SUPPLIED DATA:
::::

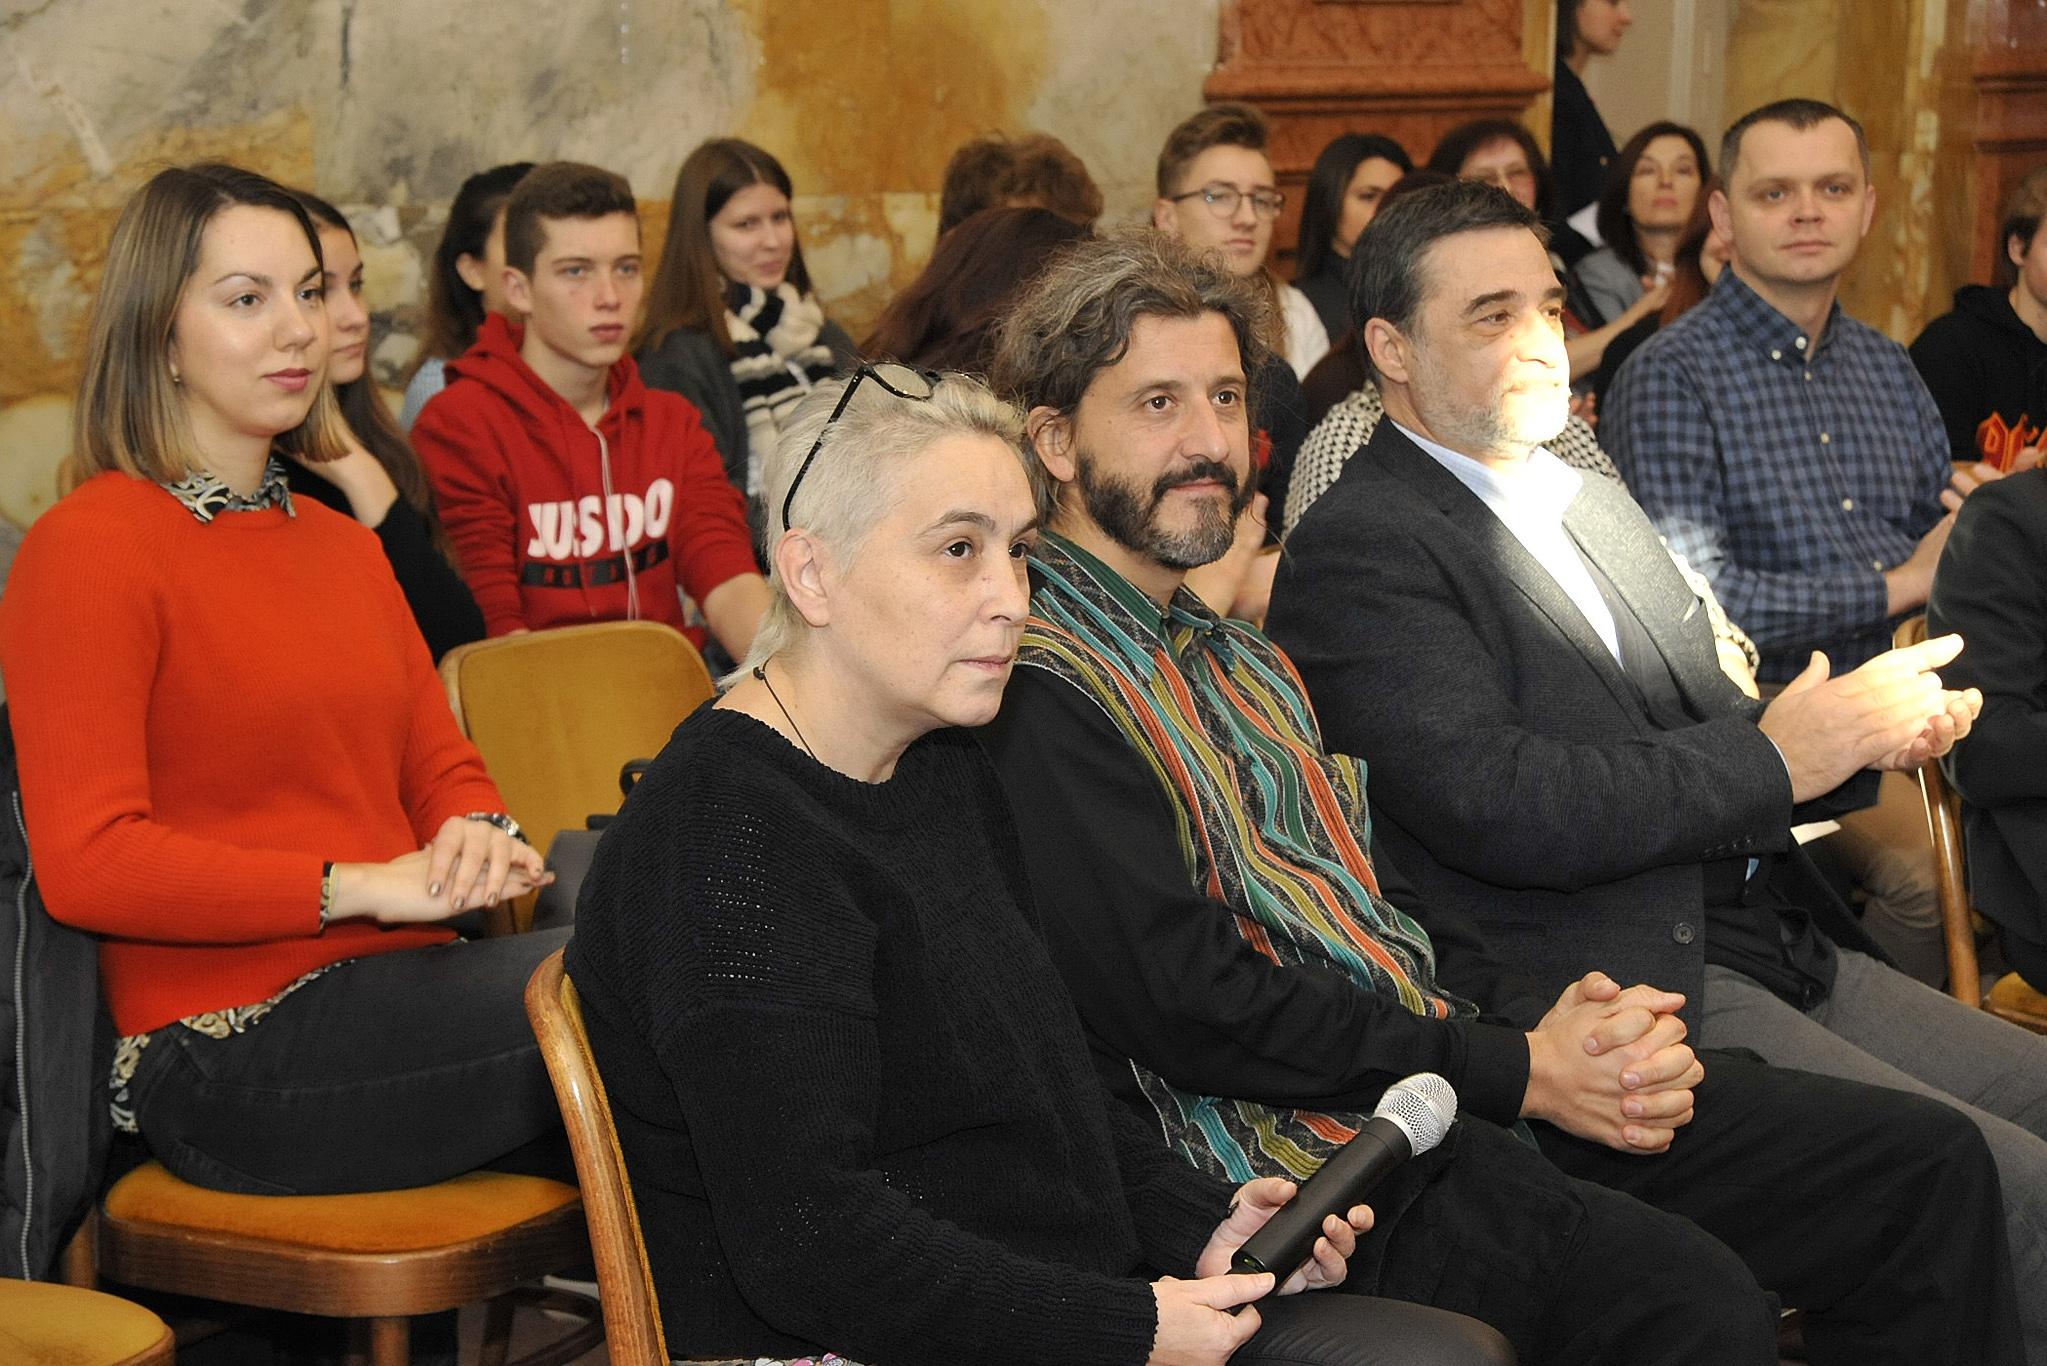 Slavica Mrkić Modrić i Marko Gracin, autori stihova i fotografija županijskog kalendara / Foto: S. DRECHSLER
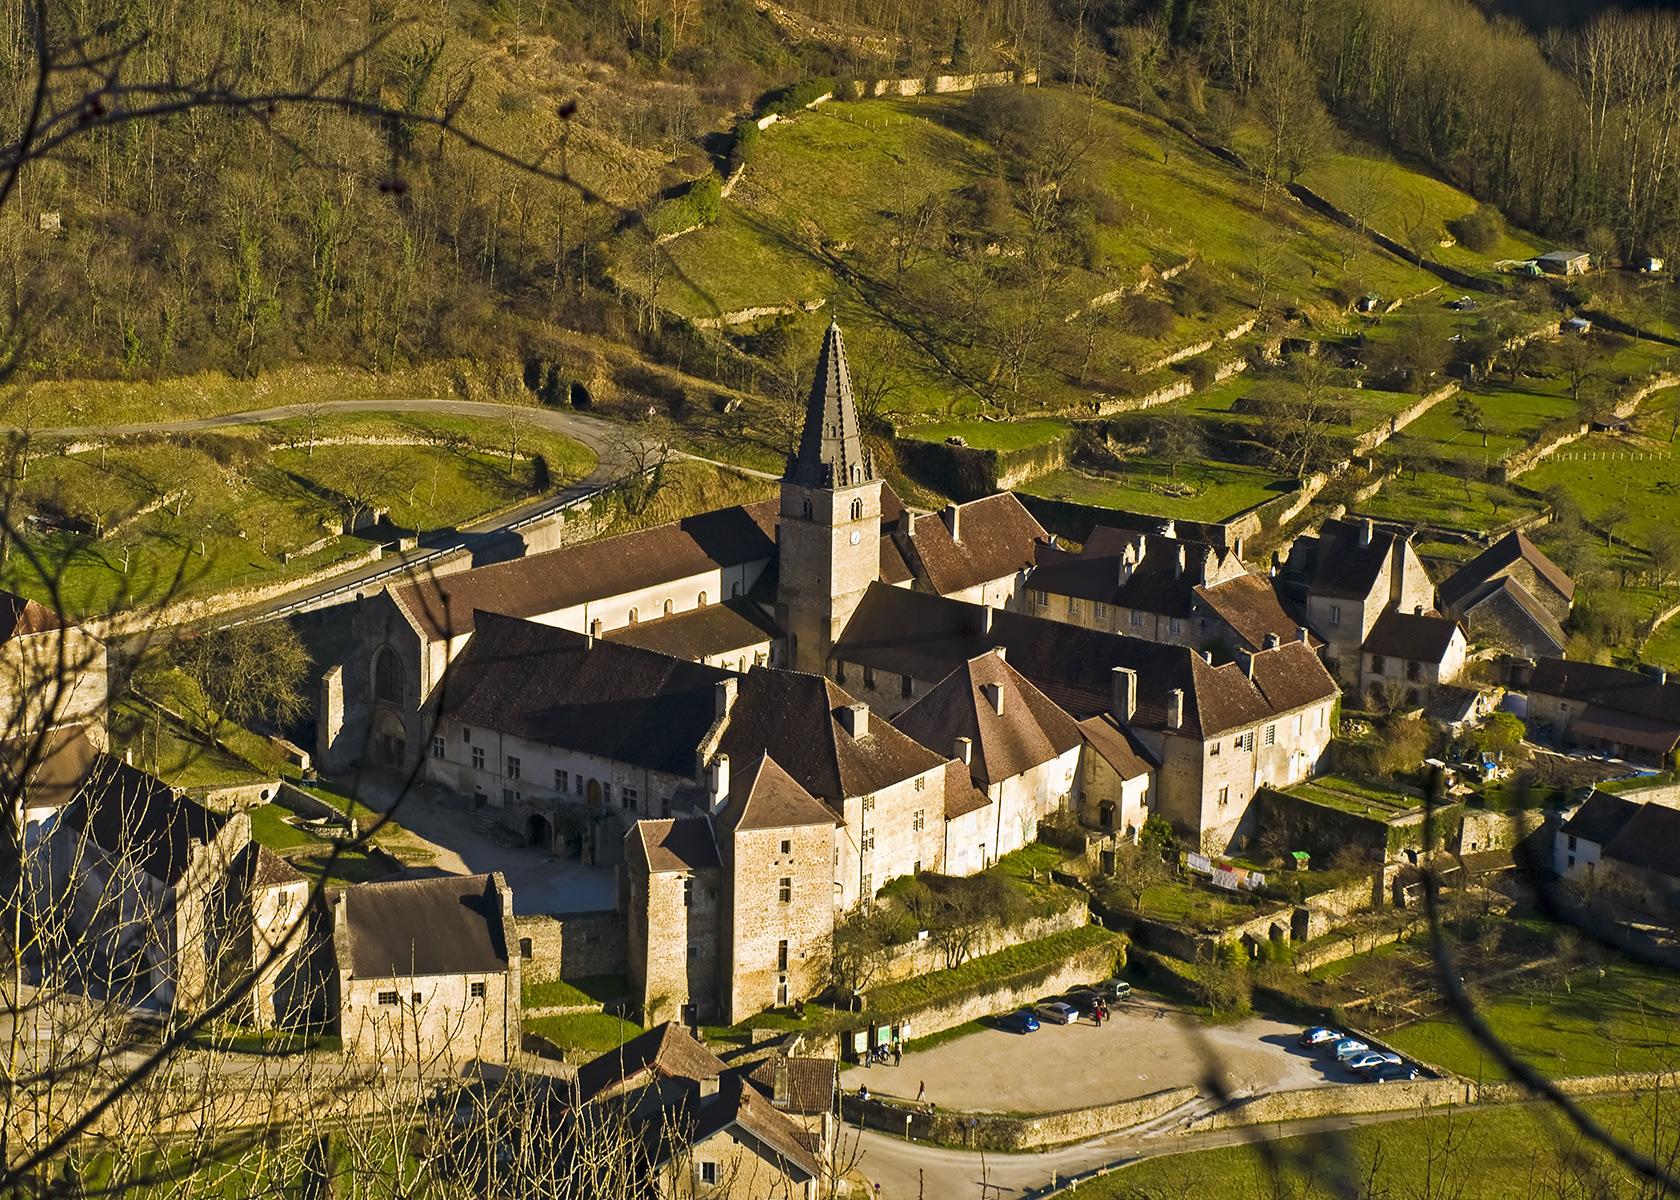 Аббатство Сен-Пьер, достопримечательности региона Франш-Конте
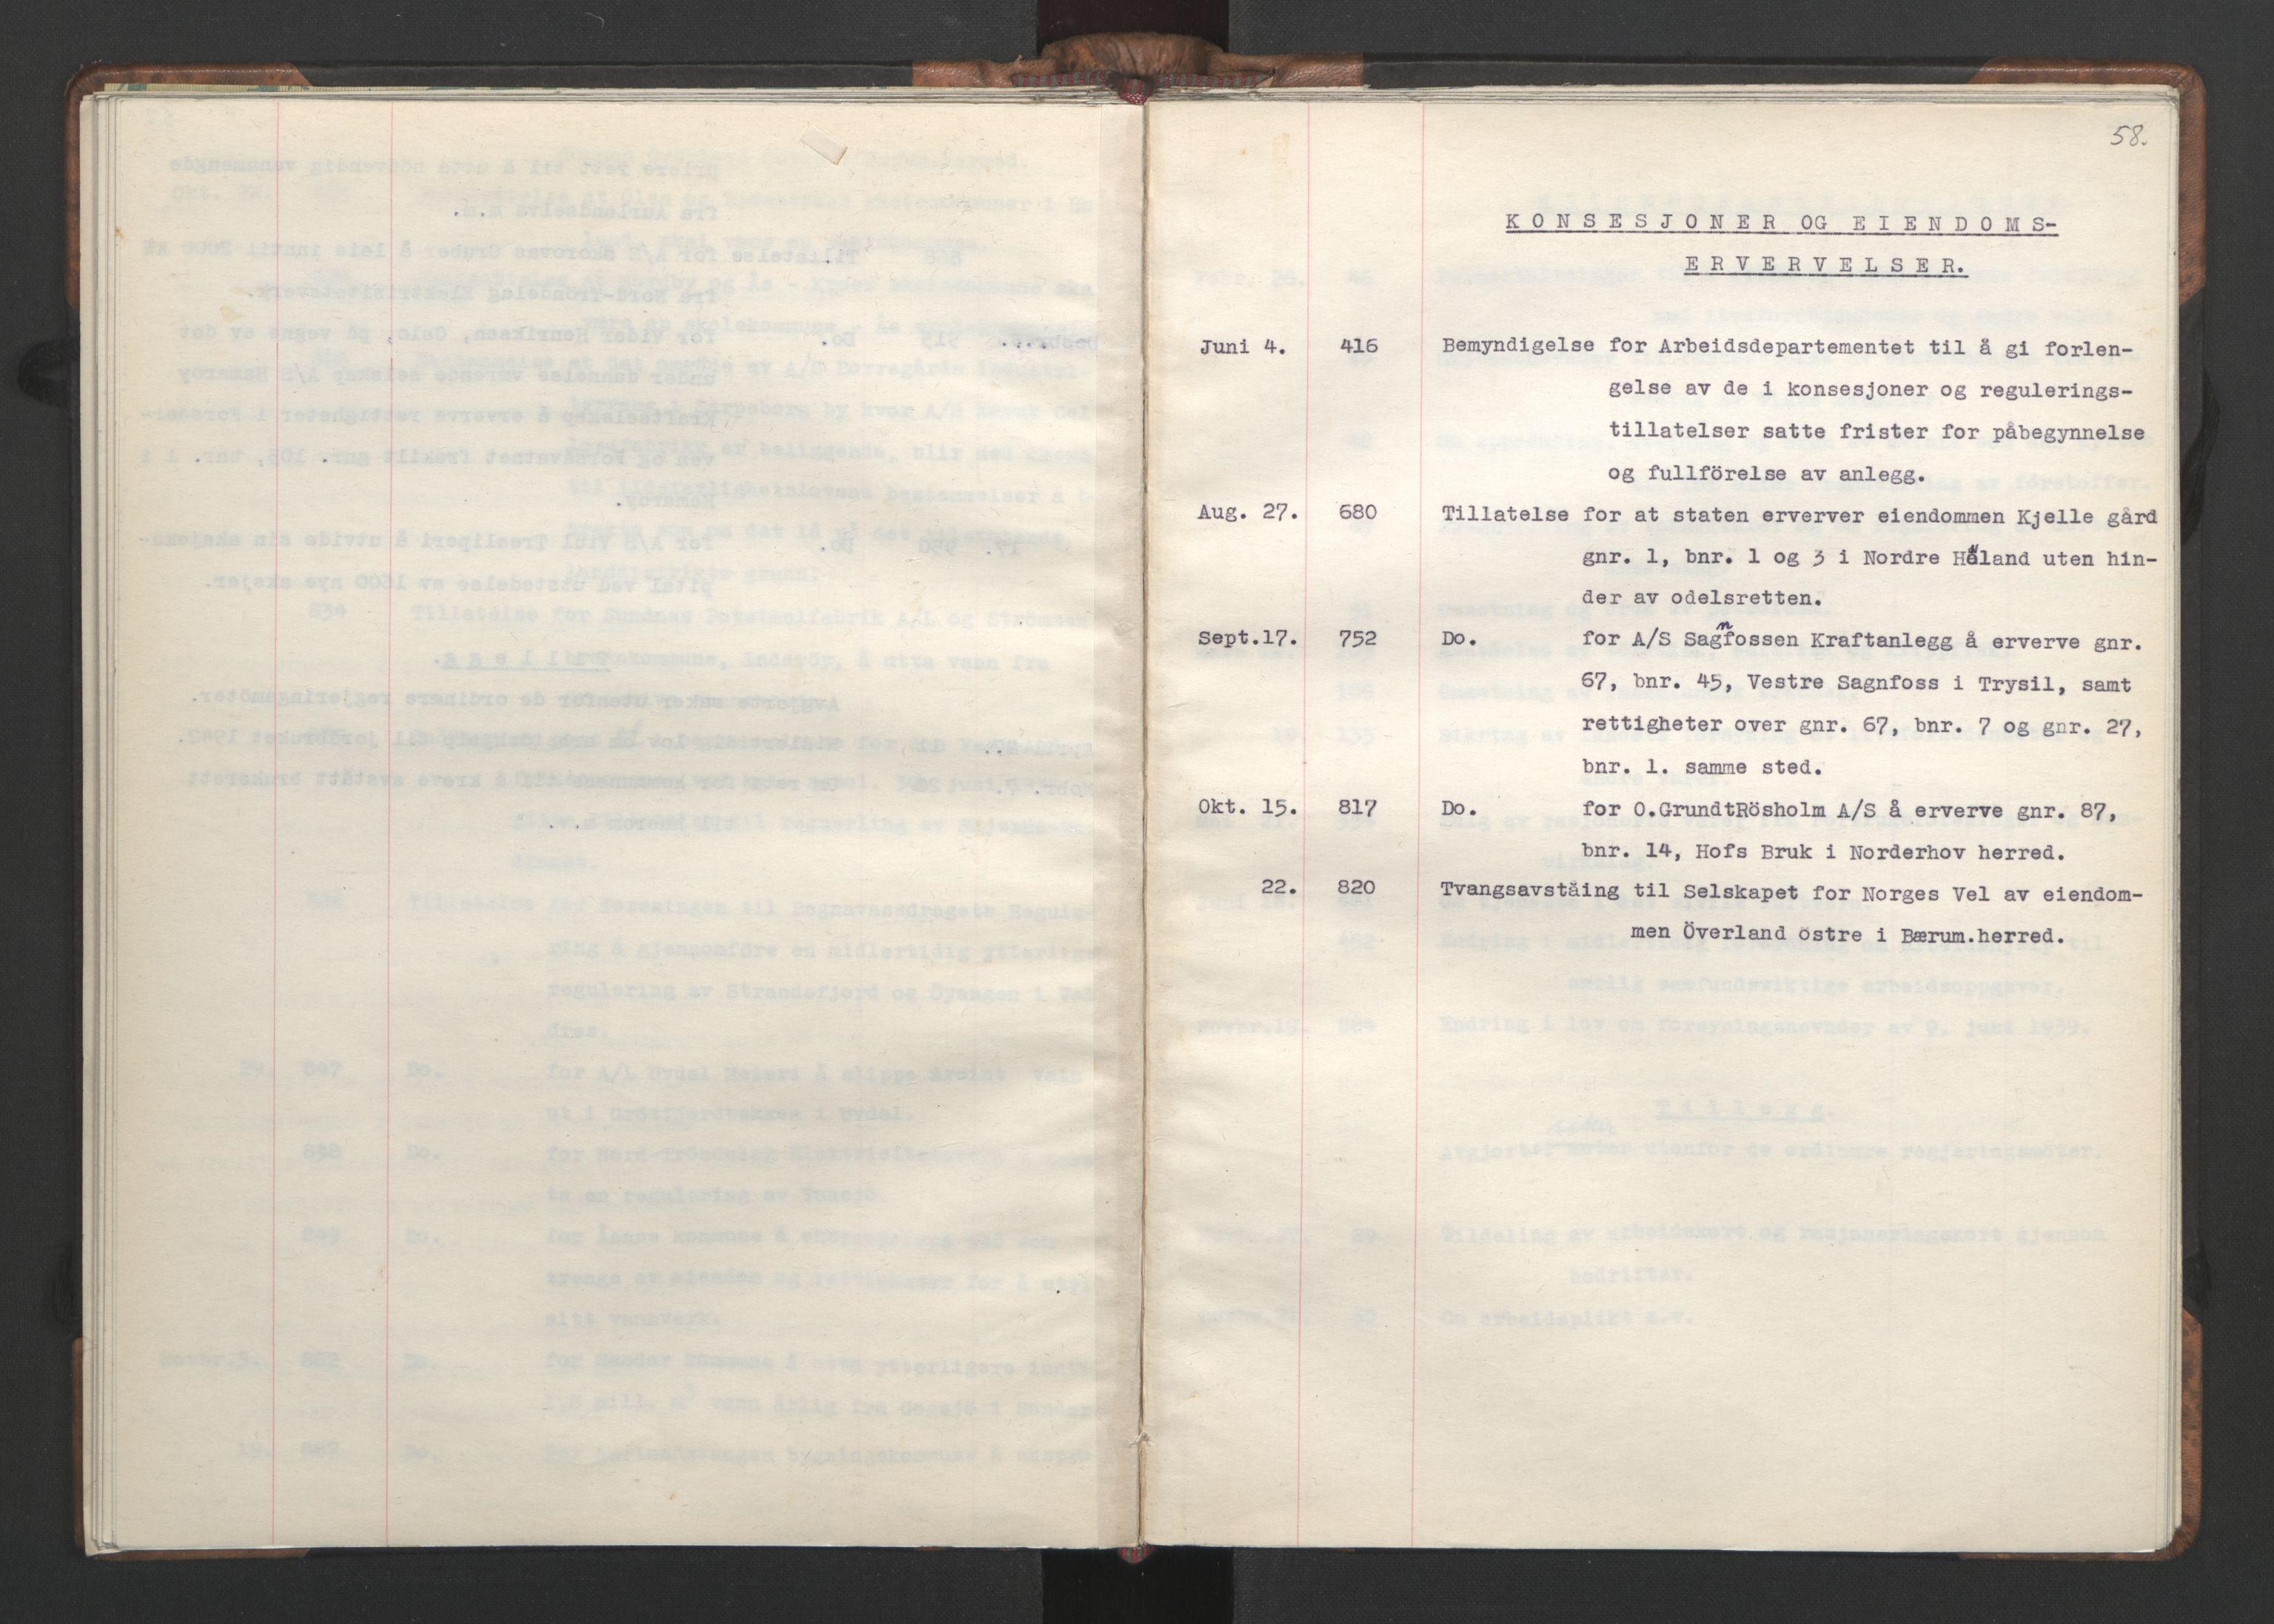 RA, NS-administrasjonen 1940-1945 (Statsrådsekretariatet, de kommisariske statsråder mm), D/Da/L0002: Register (RA j.nr. 985/1943, tilgangsnr. 17/1943), 1942, s. 57b-58a

::::

THE TASK: Exact lines, nothing more: output the one with "Аббатство Сен-Пьер, достопримечательности" and every later line through the end of the data, skipping pictures.

TASK SOLUTION:
 Аббатство Сен-Пьер, достопримечательности региона Франш-Конте
 RA, NS-administrasjonen 1940-1945 (Statsrådsekretariatet, de kommisariske statsråder mm), D/Da/L0002: Register (RA j.nr. 985/1943, tilgangsnr. 17/1943), 1942, s. 57b-58a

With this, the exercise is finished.